* Task *
The full listing, minus its pictures, should be printed again exactly as it stands.

* Exercise data *
● ● ● ●
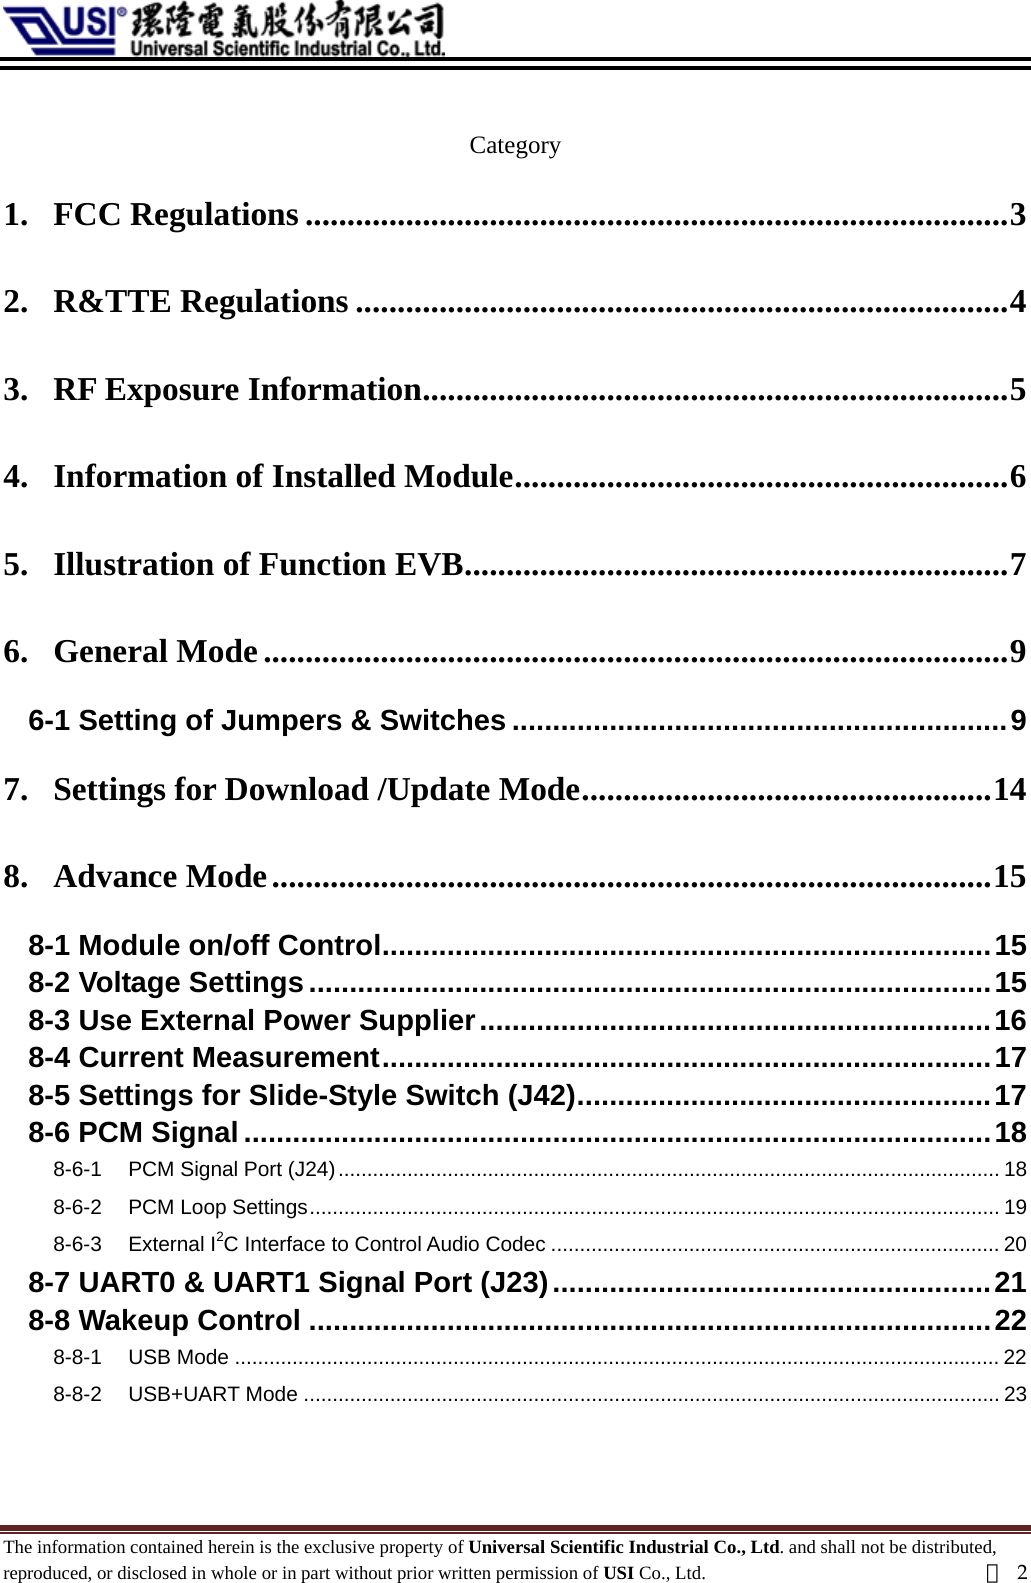   Category 1. FCC Regulations ....................................................................................3 2. R&amp;TTE Regulations ..............................................................................4 3. RF Exposure Information......................................................................5 4. Information of Installed Module...........................................................6 5. Illustration of Function EVB.................................................................7 6. General Mode.........................................................................................9 6-1 Setting of Jumpers &amp; Switches .............................................................9 7. Settings for Download /Update Mode.................................................14 8. Advance Mode......................................................................................15 8-1 Module on/off Control...........................................................................15 8-2 Voltage Settings....................................................................................15 8-3 Use External Power Supplier...............................................................16 8-4 Current Measurement...........................................................................17 8-5 Settings for Slide-Style Switch (J42)...................................................17 8-6 PCM Signal ............................................................................................18 8-6-1 PCM Signal Port (J24)................................................................................................................... 18 8-6-2 PCM Loop Settings........................................................................................................................ 19 8-6-3 External I2C Interface to Control Audio Codec .............................................................................. 20 8-7 UART0 &amp; UART1 Signal Port (J23)......................................................21 8-8 Wakeup Control ....................................................................................22 8-8-1 USB Mode ..................................................................................................................................... 22 8-8-2 USB+UART Mode ......................................................................................................................... 23 The information contained herein is the exclusive property of Universal Scientific Industrial Co., Ltd. and shall not be distributed, reproduced, or disclosed in whole or in part without prior written permission of USI Co., Ltd.  頁2 
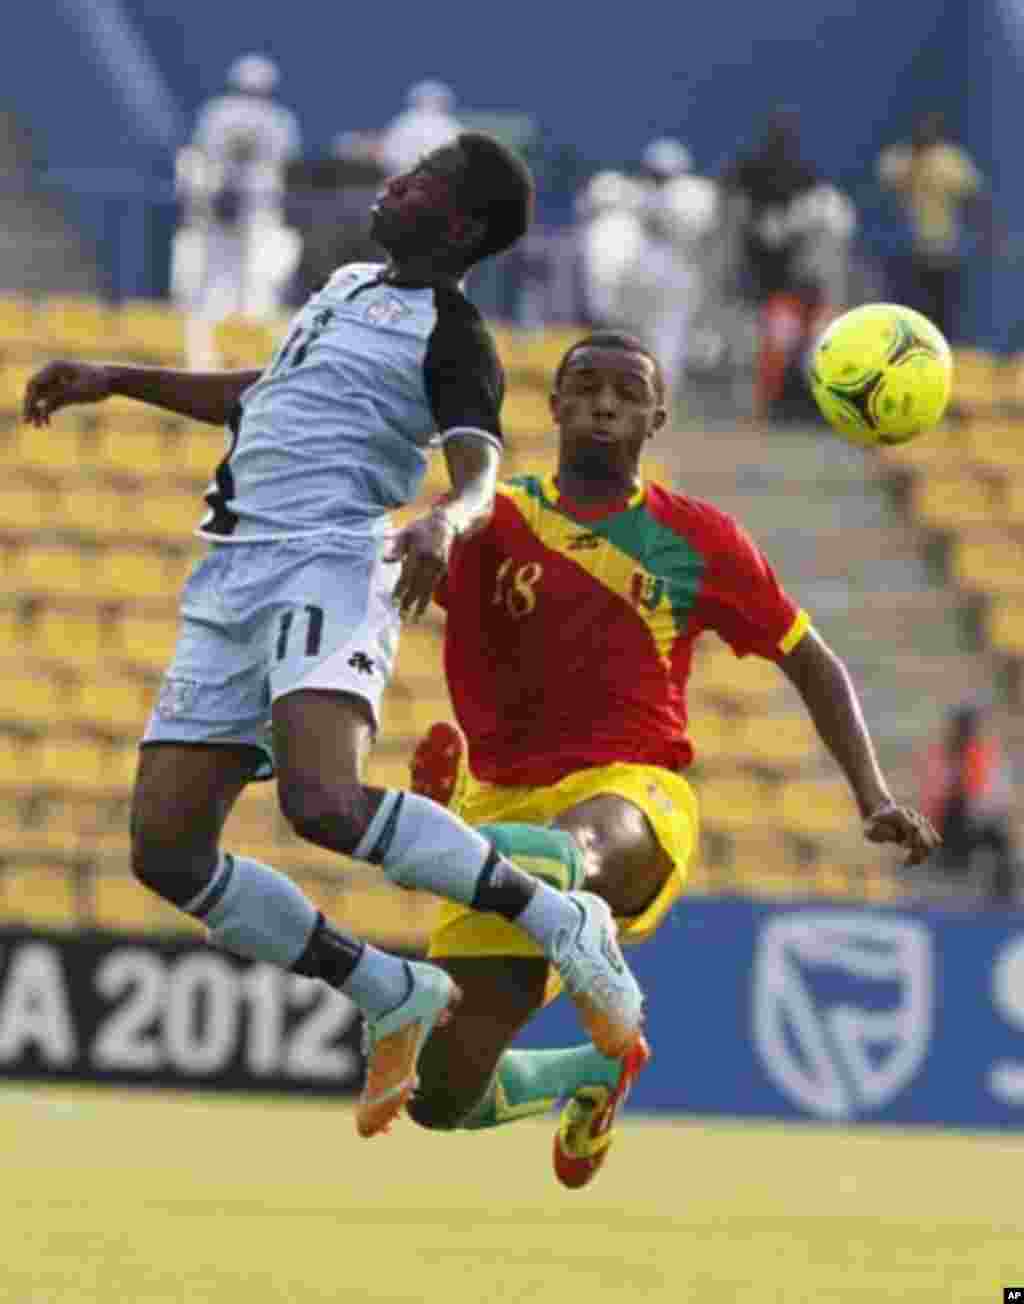 Guinea's Ibrahima Diallo (R) challenges Botswana's Dipsy Selolwane for the ball during their African Nations Cup Group D soccer match at Franceville Stadium January 28, 2012.
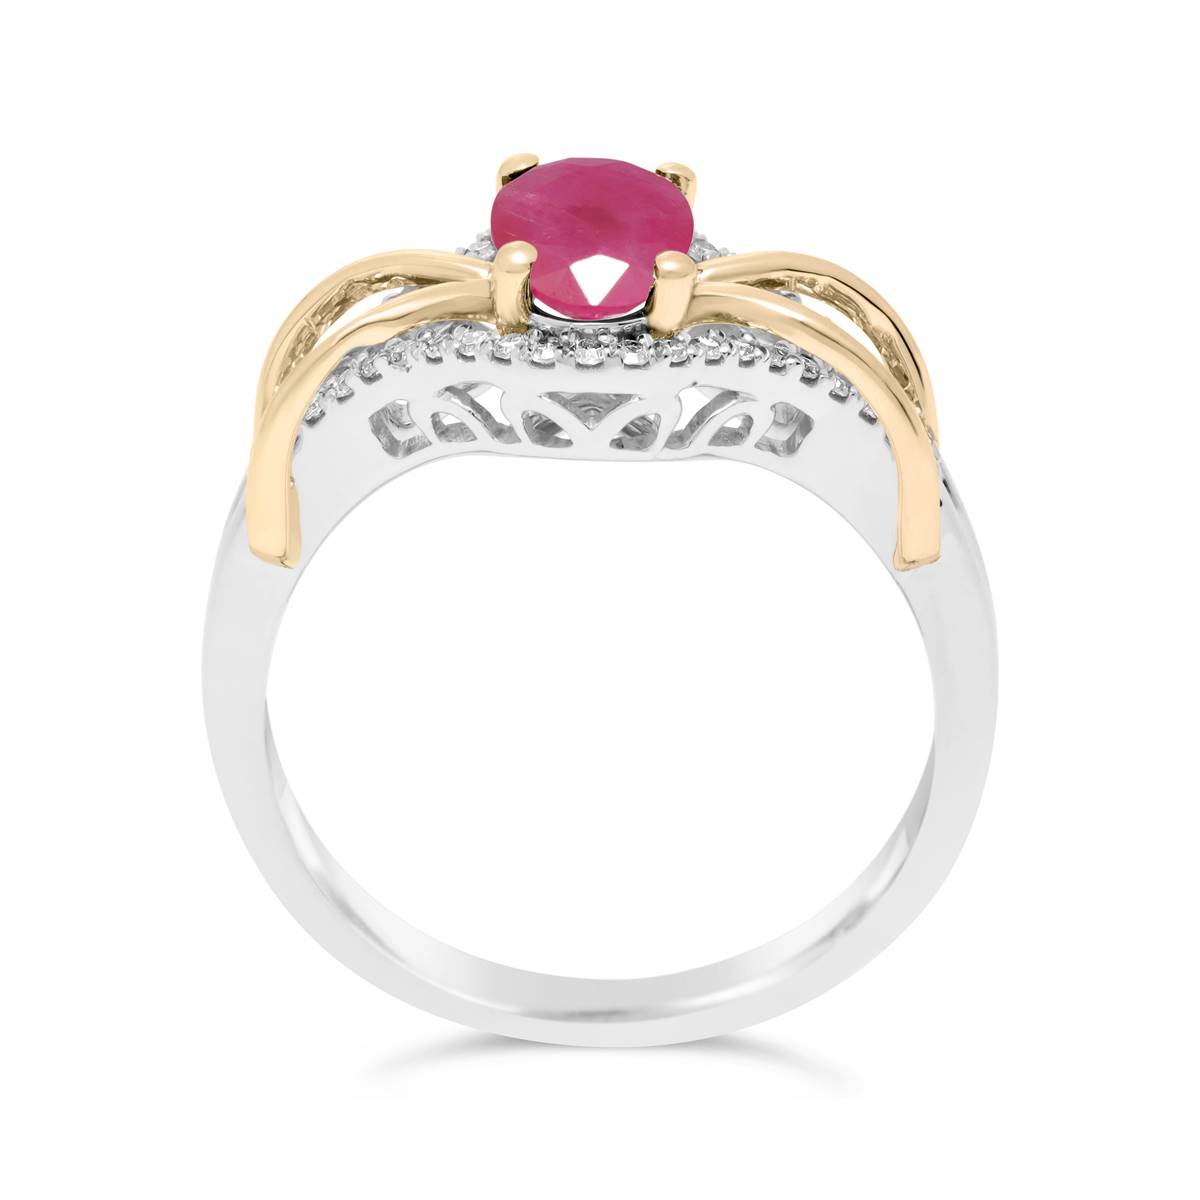 10kt. Two-Tone Gold Oval Ruby Ring
● ● ● ●
* Exercise response *
   Category 1. FCC Regulations ....................................................................................3 2. R&amp;TTE Regulations ..............................................................................4 3. RF Exposure Information......................................................................5 4. Information of Installed Module...........................................................6 5. Illustration of Function EVB.................................................................7 6. General Mode.........................................................................................9 6-1 Setting of Jumpers &amp; Switches .............................................................9 7. Settings for Download /Update Mode.................................................14 8. Advance Mode......................................................................................15 8-1 Module on/off Control...........................................................................15 8-2 Voltage Settings....................................................................................15 8-3 Use External Power Supplier...............................................................16 8-4 Current Measurement...........................................................................17 8-5 Settings for Slide-Style Switch (J42)...................................................17 8-6 PCM Signal ............................................................................................18 8-6-1 PCM Signal Port (J24)................................................................................................................... 18 8-6-2 PCM Loop Settings........................................................................................................................ 19 8-6-3 External I2C Interface to Control Audio Codec .............................................................................. 20 8-7 UART0 &amp; UART1 Signal Port (J23)......................................................21 8-8 Wakeup Control ....................................................................................22 8-8-1 USB Mode ..................................................................................................................................... 22 8-8-2 USB+UART Mode ......................................................................................................................... 23 The information contained herein is the exclusive property of Universal Scientific Industrial Co., Ltd. and shall not be distributed, reproduced, or disclosed in whole or in part without prior written permission of USI Co., Ltd.  頁2 
 Guinea's Ibrahima Diallo (R) challenges Botswana's Dipsy Selolwane for the ball during their African Nations Cup Group D soccer match at Franceville Stadium January 28, 2012.
 10kt. Two-Tone Gold Oval Ruby Ring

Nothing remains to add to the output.